Dalam hal ini, tangisan dipersamakan dengan ucapan yang menjadi salah satu pembatal shalat. Namun, apabila menangis hanya berupa tetesan air mata atau suara samar yang tidak membentuk dua huruf yang jelas, maka shalat tetap sah.
Pendapat kedua menyatakan, menangis tidak membatalkan shalat secara mutlak. Alasannya, menangis bukanlah bagian dari perkataan manusia menurut pengertian bahasa, serta tidak dapat dipastikan huruf-huruf yang keluar darinya.
"Dengan kata 'Wad dhahka' yang artinya tertawa, terkecualikan senyuman, sehingga tidak membatalkan shalat, karena telah diriwayatkan dari Nabi saw bahwa beliau melakukannya dalam shalat. Dimaafkan pula sedikit ucapan menurut hitungan adat, sebagaimana adat yang menjadi rujukan dalam menentukan jumlah huruf dalam suatu kata, bukan apa yang telah ditetapkan oleh para ahli nahwu dan bahasa." (Ar-Ramli, Nihayatul Muhtaj ila Syarhil Minhaj, jilid II, [Beirut; Dar al-Fikr, 1984] halaman 36).
Oleh sebab itu, tangisan dianggap mirip dengan suara yang tidak disengaja dan tidak termasuk pembatal shalat.
Penjelasan serupa juga dapat ditemukan dalam kitab Syarhul Mahalli. Dalam kitab ini ditegaskan, ulama Syafi'i memiliki dua pandangan sama, yaitu pendapat kuat menyatakan batal jika keluar dua huruf, sedangkan pendapat lainnya menyatakan tidak batal karena menangis bukan jenis perkataan.
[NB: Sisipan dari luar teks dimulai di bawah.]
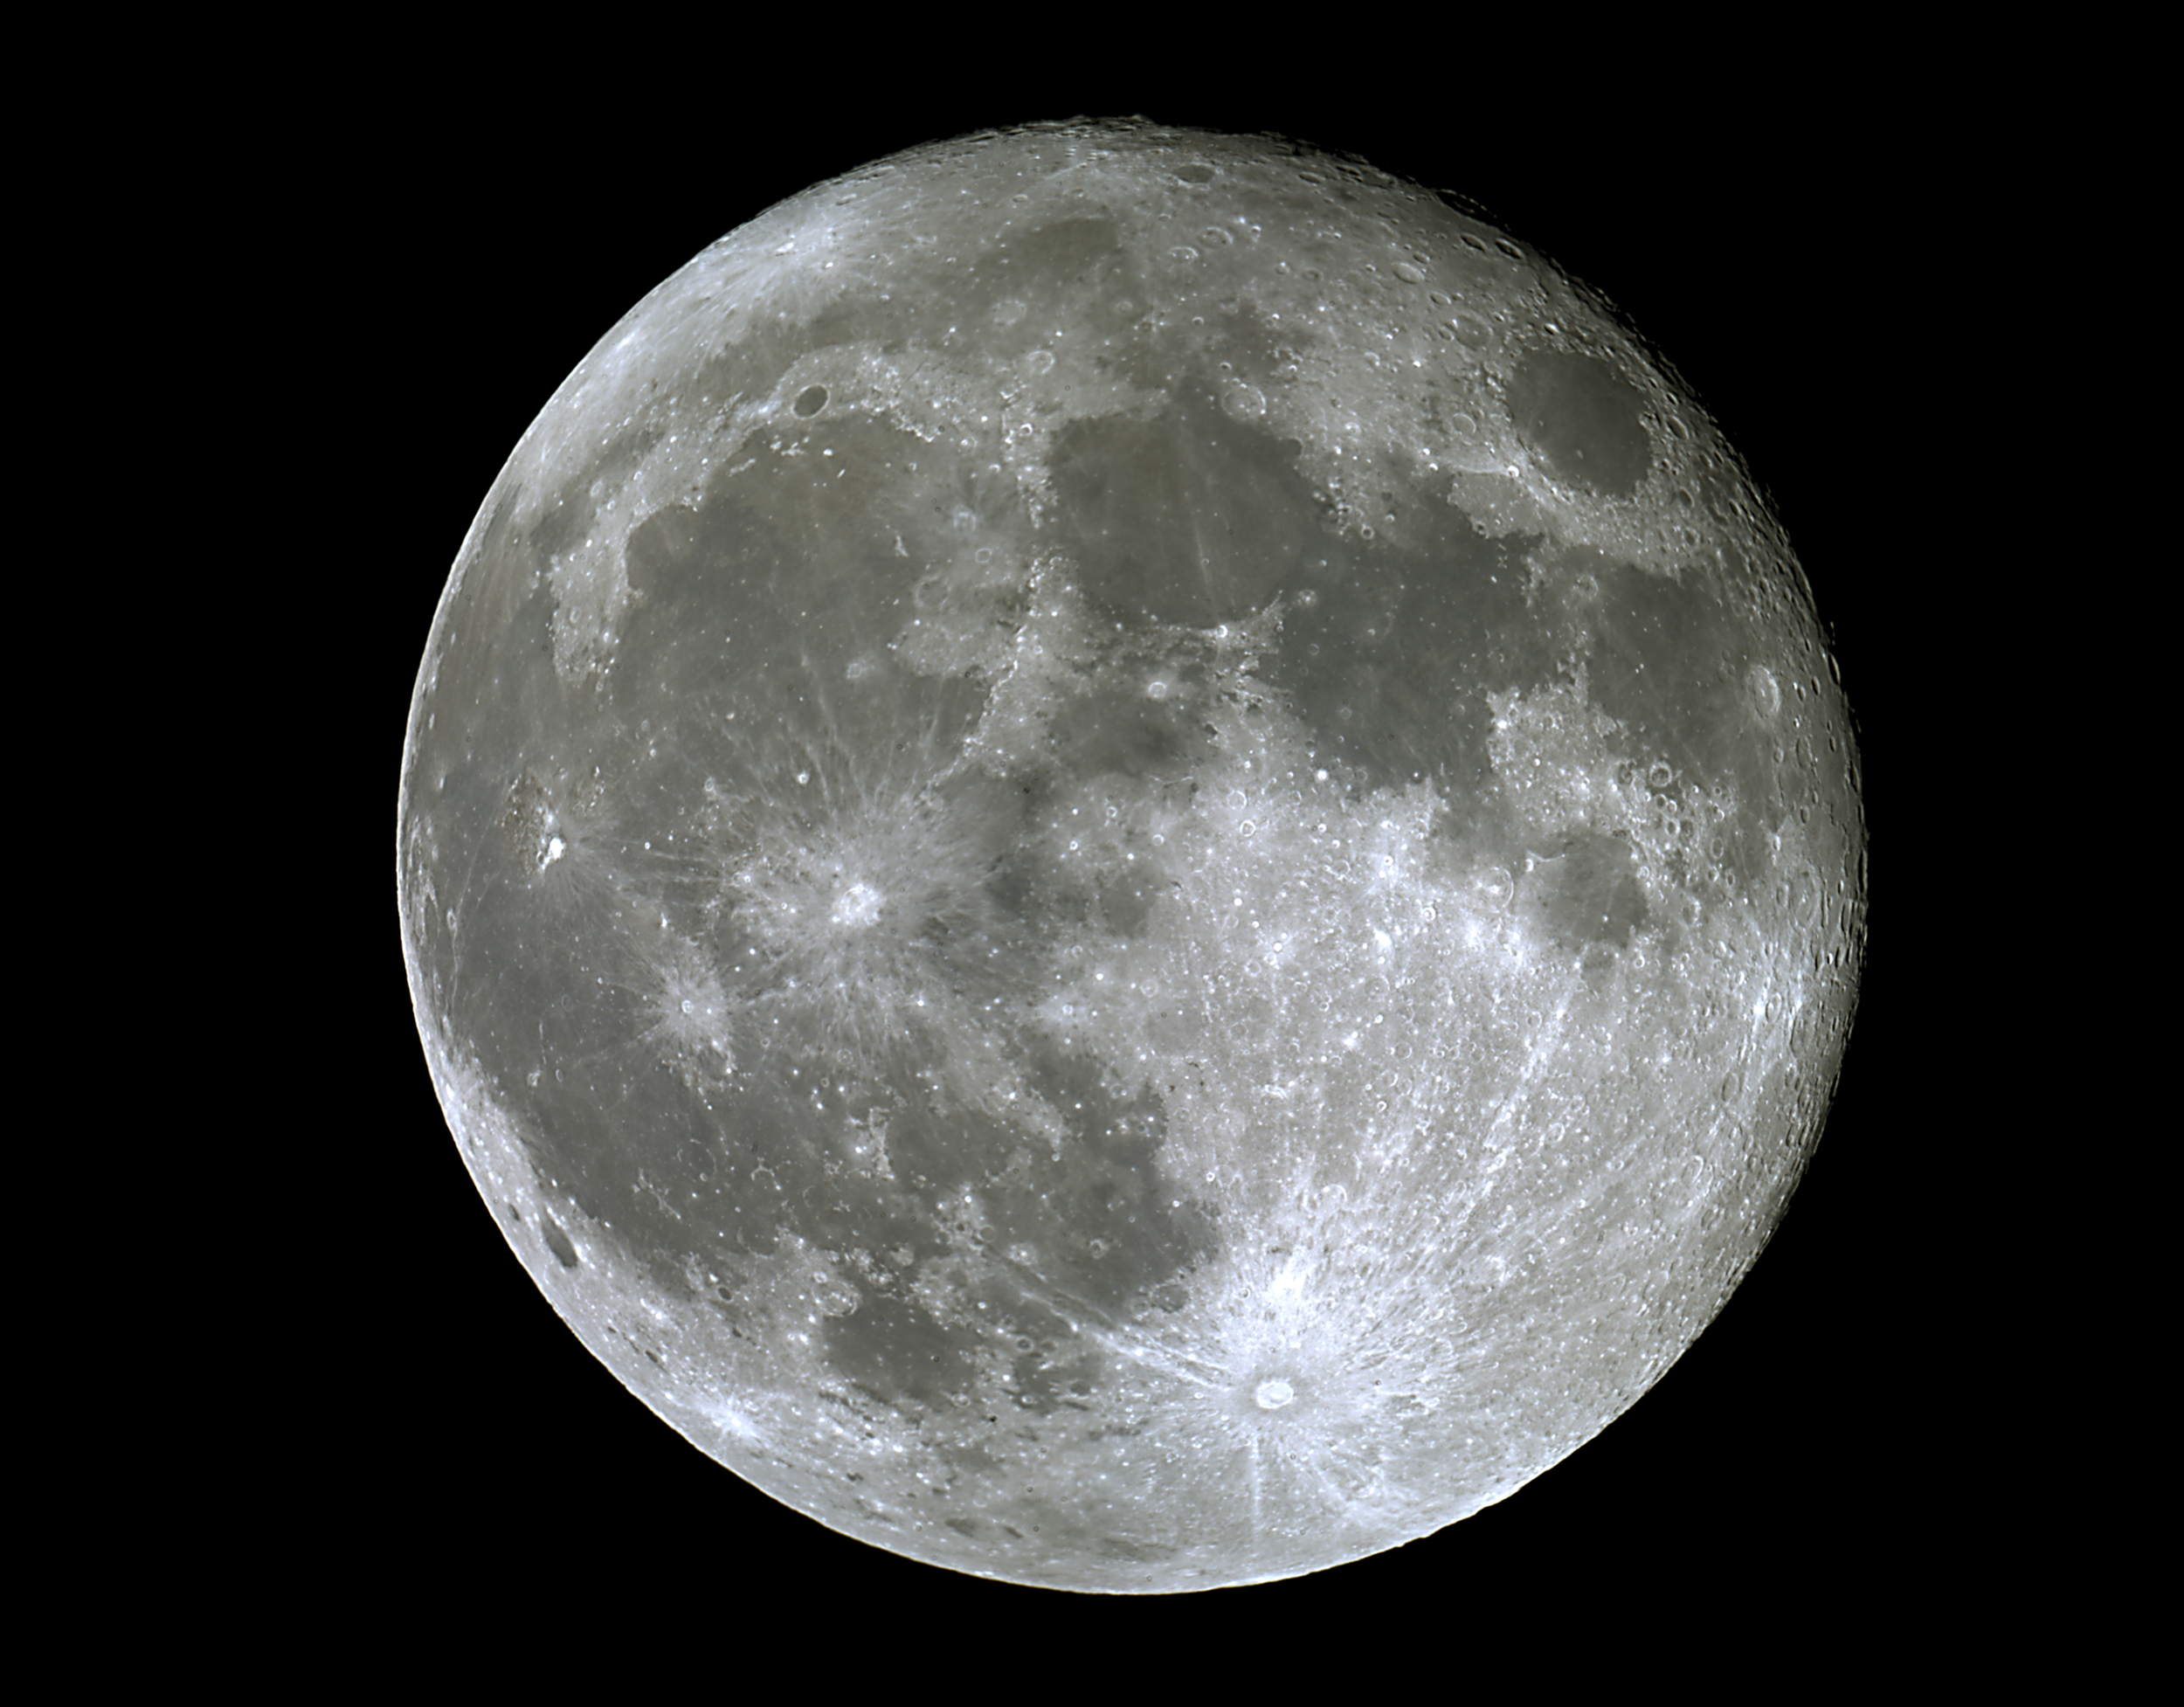 Moon (1 day past full)

(والأصح أن التنحنح والضحك والبكاء والأنين والنفخ إن ظهر به أي بكل مما ذكر (حرفان بطلت وإلا فلا) تبطل به ، والثاني لا تبطل به مطلقا لأنه ليس من جنس الكلام
Artinya:
"Dan pendapat Al-Ashah menyatakan bahwa berdehem, tertawa, menangis, merintih, dan meniup, bila tampak dari perbuatan tersebut dua huruf, maka batal shalatnya, tetapi jika tidak tampak maka shalatnya tidak batal dengannya. Sementara pendapat menyatakan shalat sama sekali tidak batal sebab hal-hal tersebut, karena bukan dari jenis perkataan." (Al-Mahalli, Syarhul Mahalli pada Hasyiyata Qulyubi wa 'Umairah, jilid II, halaman 499).
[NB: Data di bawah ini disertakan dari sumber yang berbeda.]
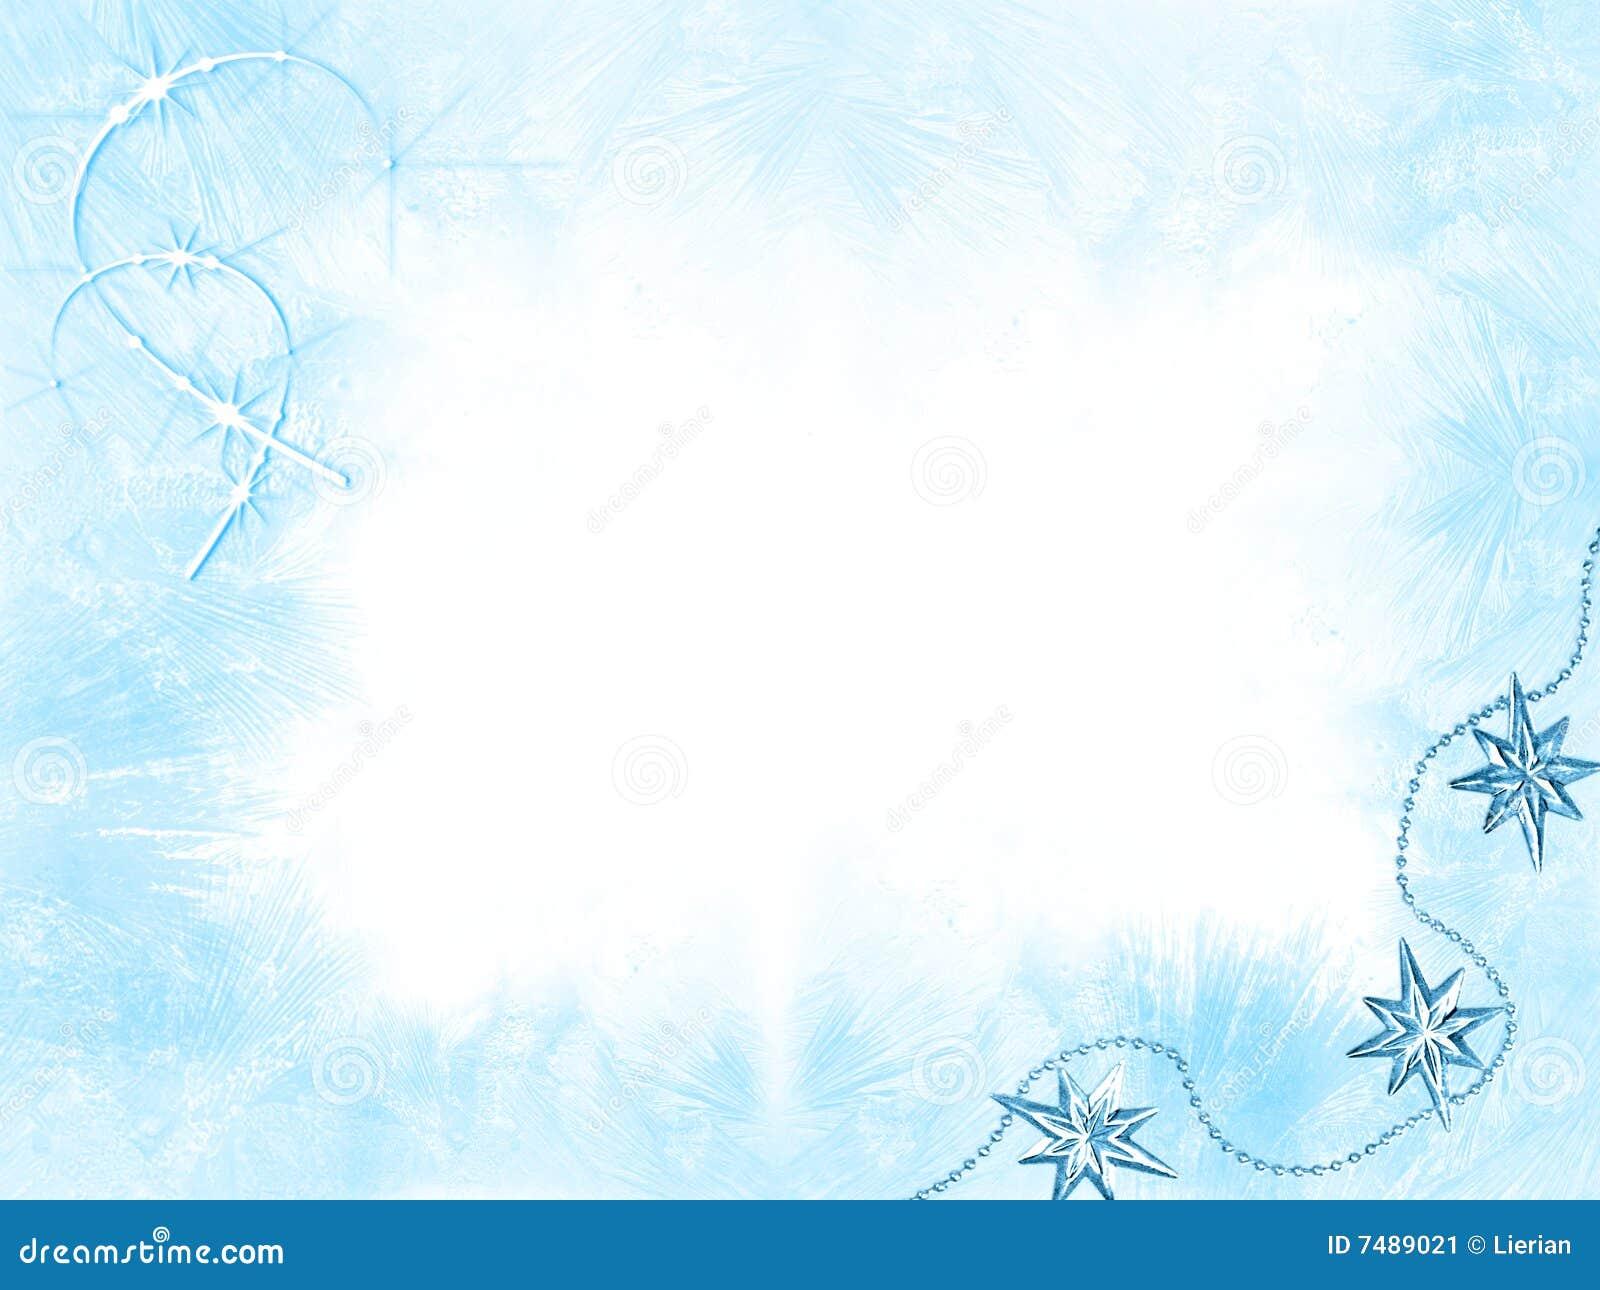 images of blue sky background border calto

Dari penjelasan para ulama tersebut dapat dipahami bahwa hukum menangis dalam shalat tidak berdiri sendiri, tetapi bergantung pada bentuk dan dampaknya.
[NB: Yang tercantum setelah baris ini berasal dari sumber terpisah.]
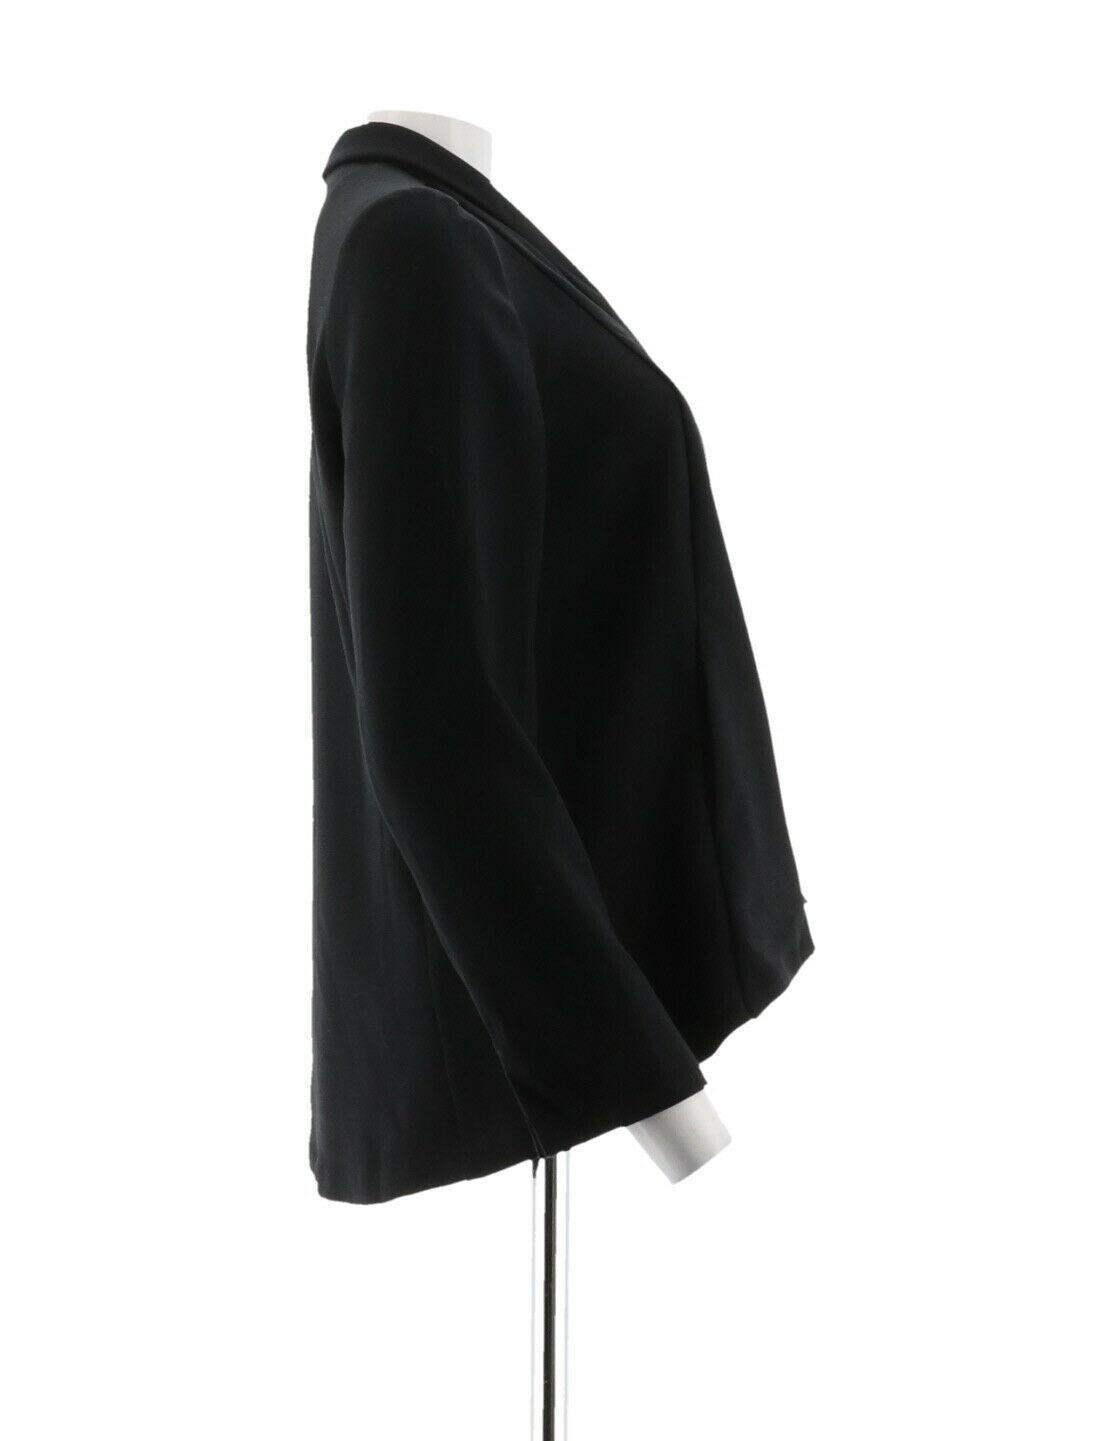 H Halston Long Slv Open Front Jacket Seam Black 12 NEW A303200 image 4

Tangisan yang muncul secara alami karena kekhusyukan, rasa takut kepada Allah, atau penyesalan atas dosa, dan tidak disertai suara jelas yang membentuk huruf, tidak membatalkan shalat.
Dengan demikian, pemahaman ini diharapkan dapat menenangkan umat muslim agar tetap fokus menjaga kekhusyukan shalat tanpa rasa khawatir berlebihan.